What you need to do >> Would you set down the data that follows, word for word, without any pictures?

Items from a data source >>

□ □ □

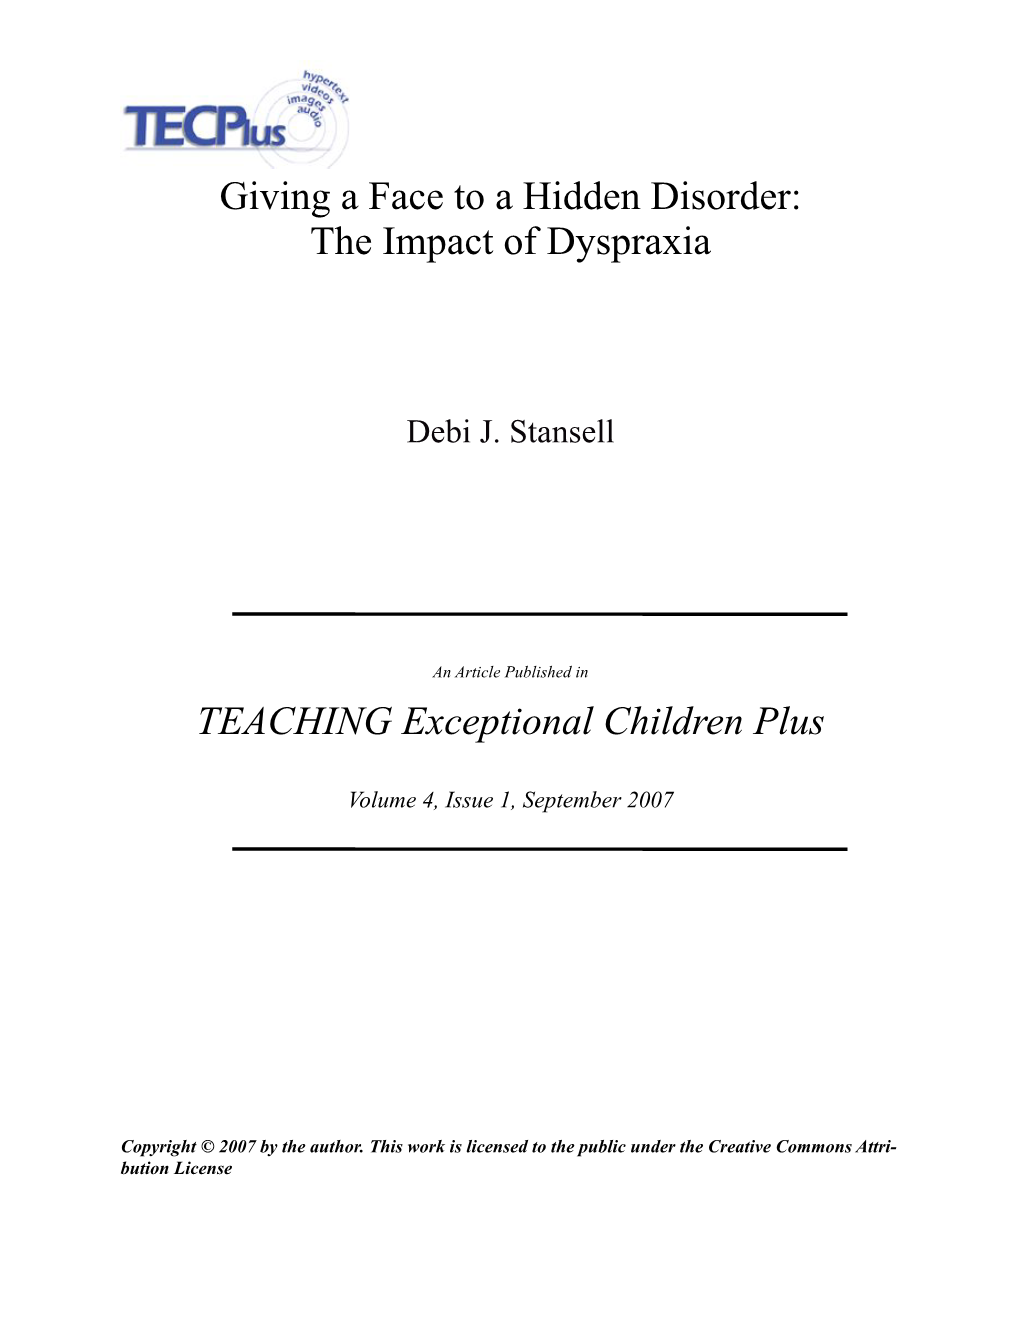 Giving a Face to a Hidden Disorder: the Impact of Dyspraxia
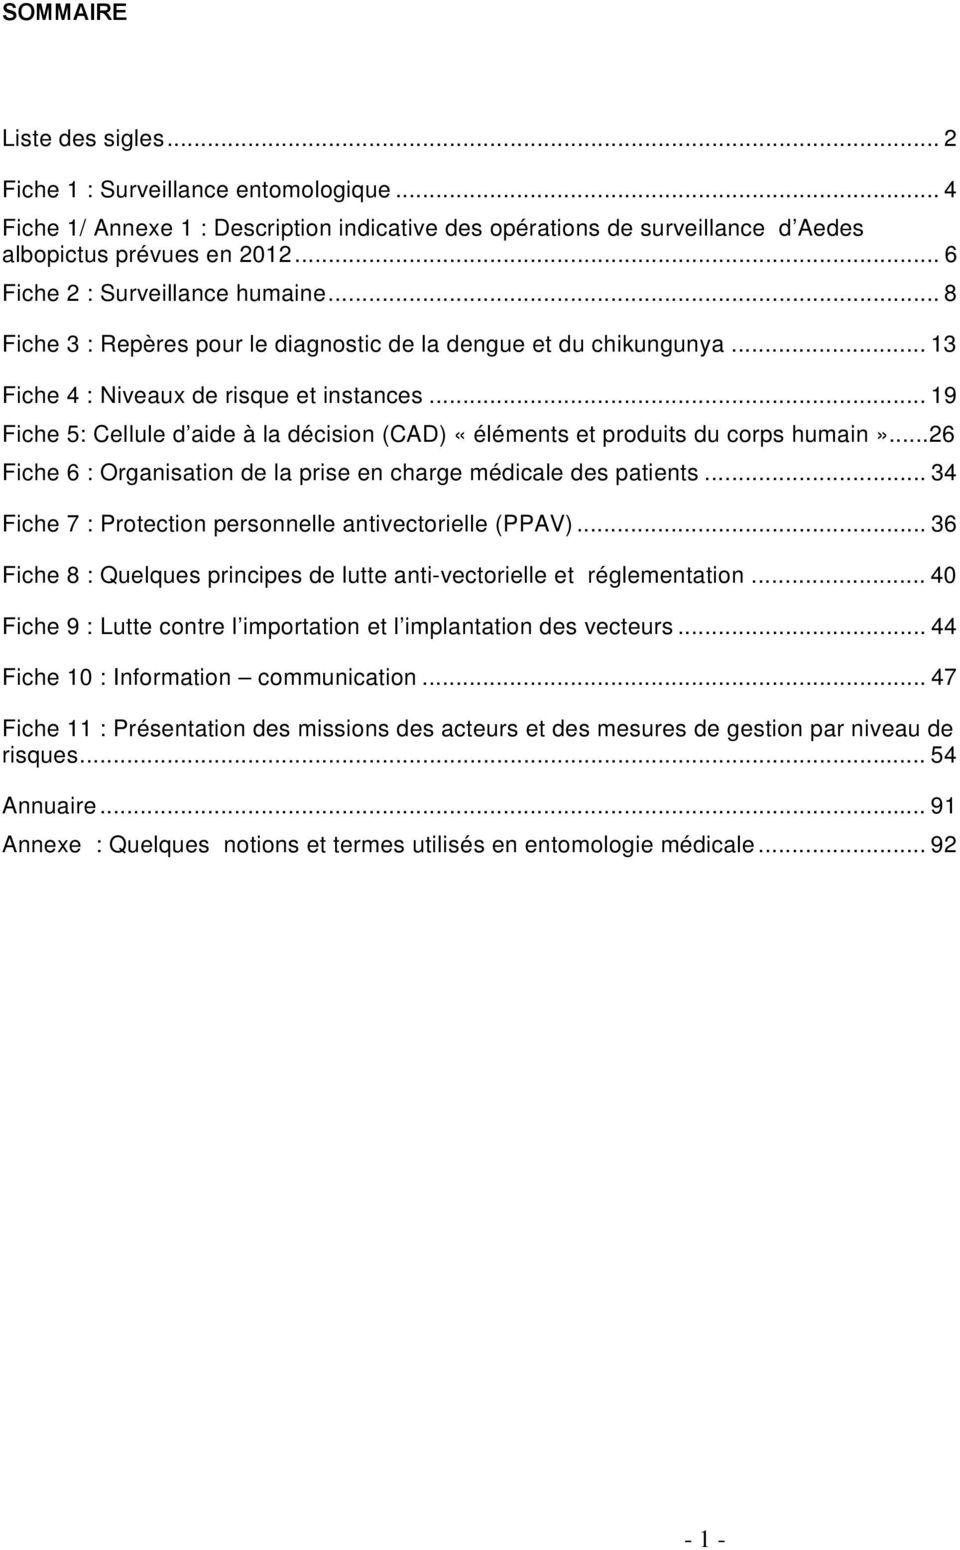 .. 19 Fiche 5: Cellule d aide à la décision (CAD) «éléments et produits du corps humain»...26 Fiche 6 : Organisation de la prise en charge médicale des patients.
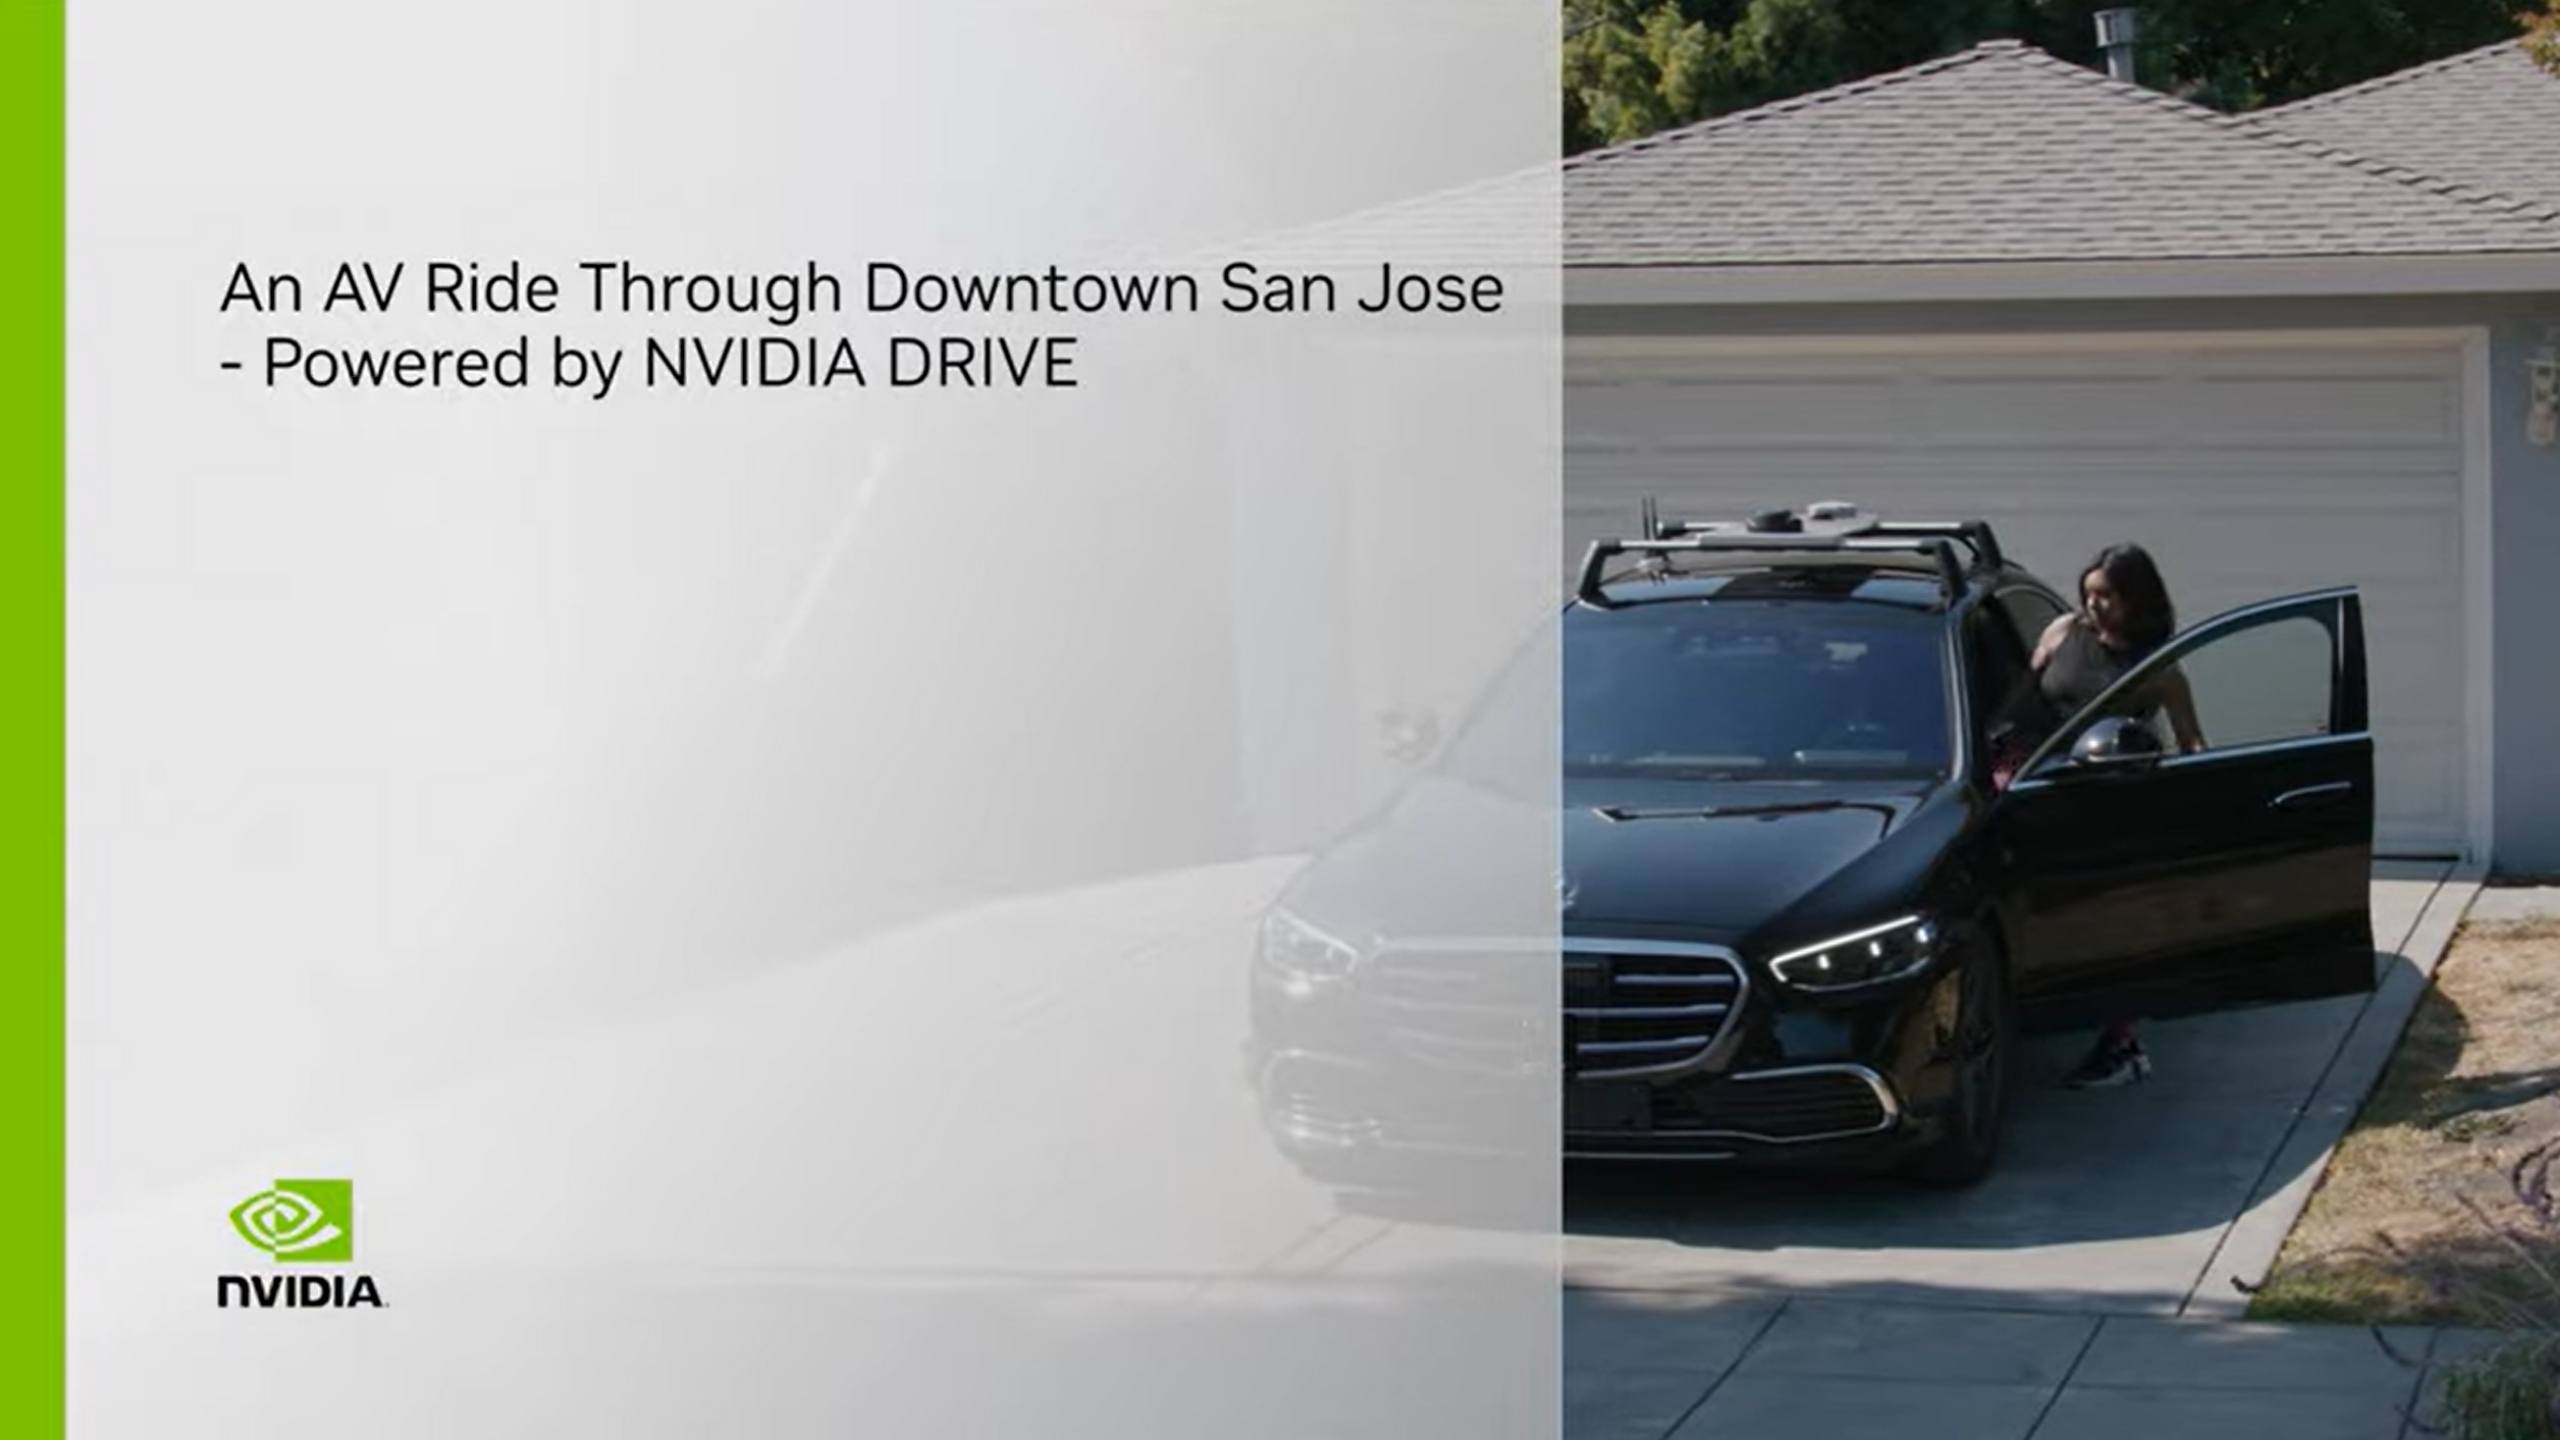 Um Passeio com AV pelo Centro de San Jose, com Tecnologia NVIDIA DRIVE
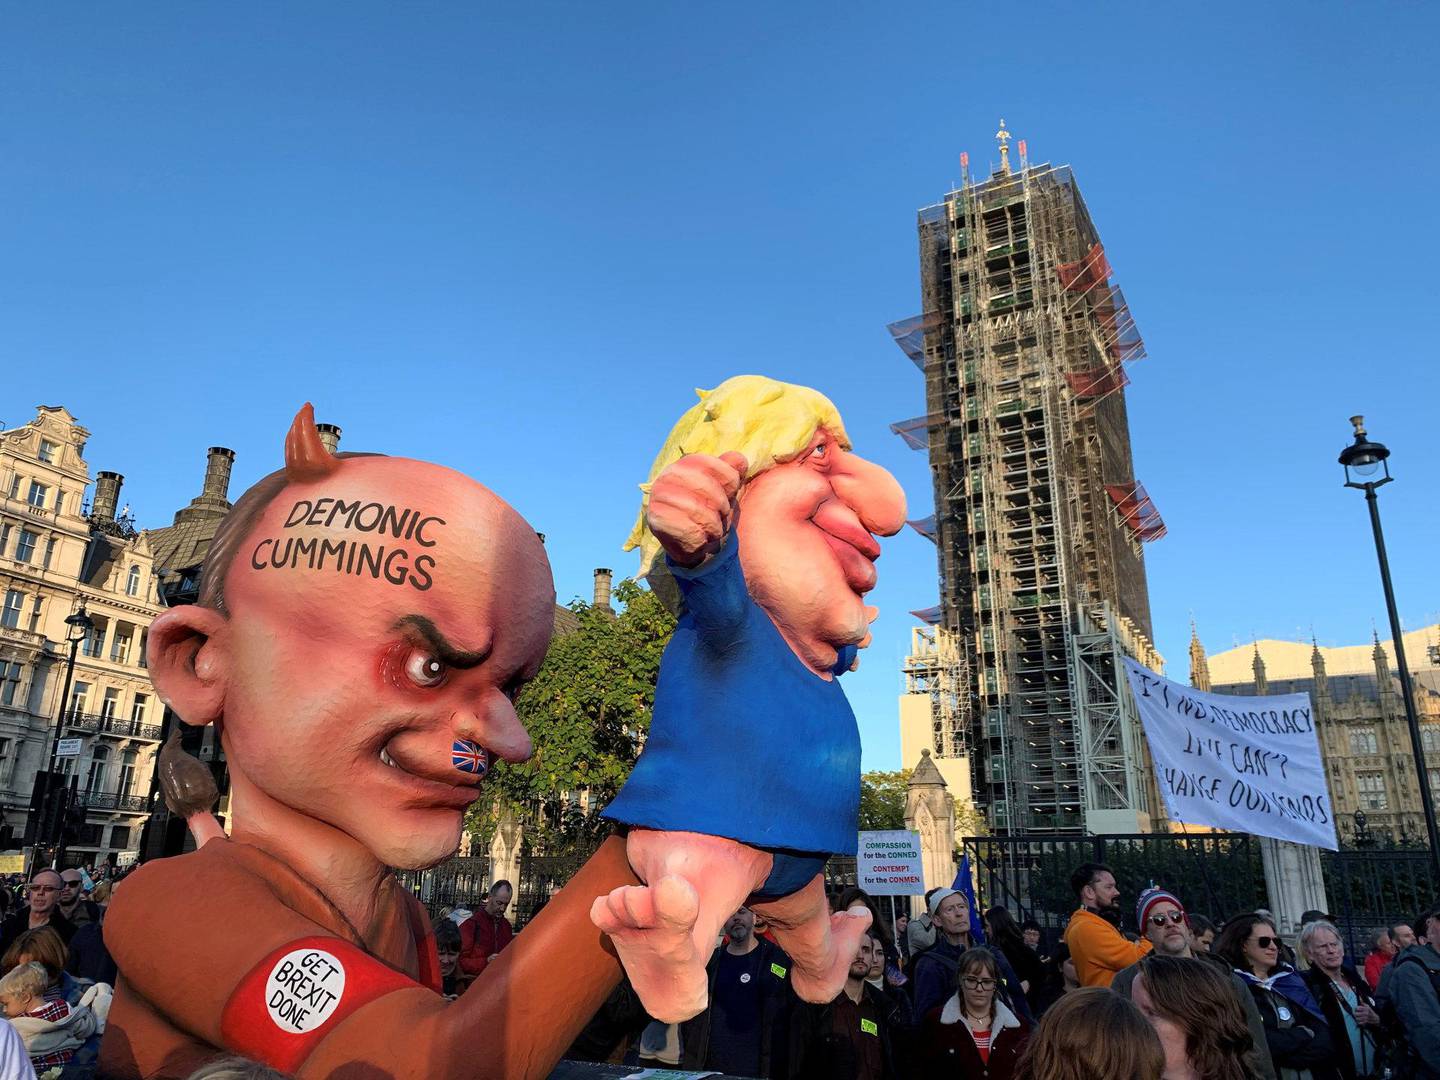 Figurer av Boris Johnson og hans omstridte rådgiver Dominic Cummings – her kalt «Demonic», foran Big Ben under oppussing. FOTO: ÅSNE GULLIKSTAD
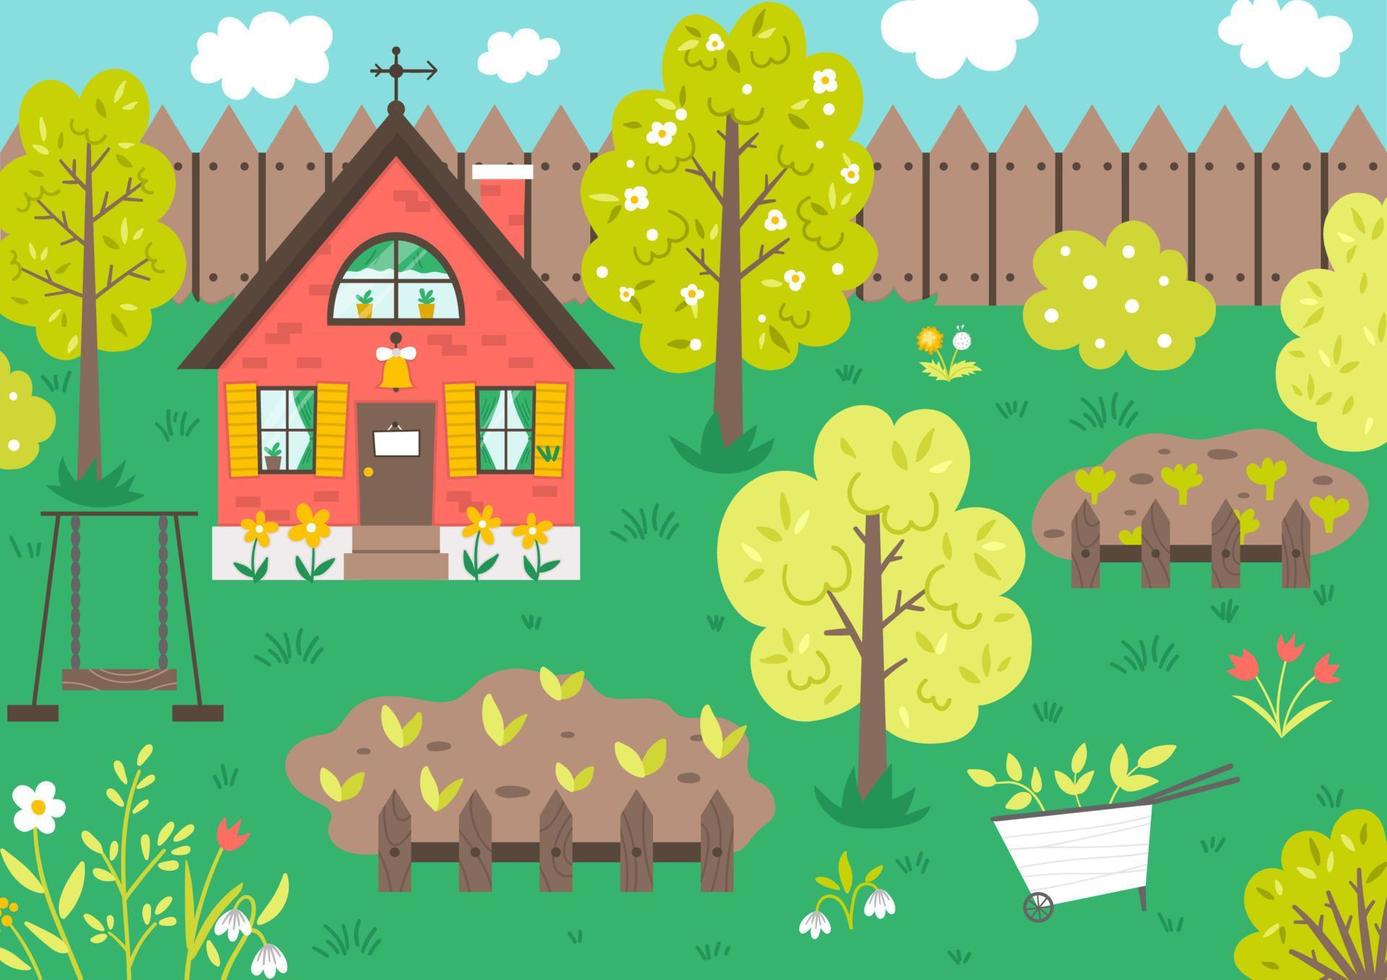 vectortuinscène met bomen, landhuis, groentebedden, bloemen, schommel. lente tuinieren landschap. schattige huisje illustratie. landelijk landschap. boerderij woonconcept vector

□ □ □

Expected answer >>
 Giving a Face to a Hidden Disorder: the Impact of Dyspraxia
 .. 19 Fiche 5: Cellule d aide à la décision (CAD) «éléments et produits du corps humain»...26 Fiche 6 : Organisation de la prise en charge médicale des patients.
 Um Passeio com AV pelo Centro de San Jose, com Tecnologia NVIDIA DRIVE
 Figurer av Boris Johnson og hans omstridte rådgiver Dominic Cummings – her kalt «Demonic», foran Big Ben under oppussing. FOTO: ÅSNE GULLIKSTAD
 vectortuinscène met bomen, landhuis, groentebedden, bloemen, schommel. lente tuinieren landschap. schattige huisje illustratie. landelijk landschap. boerderij woonconcept vector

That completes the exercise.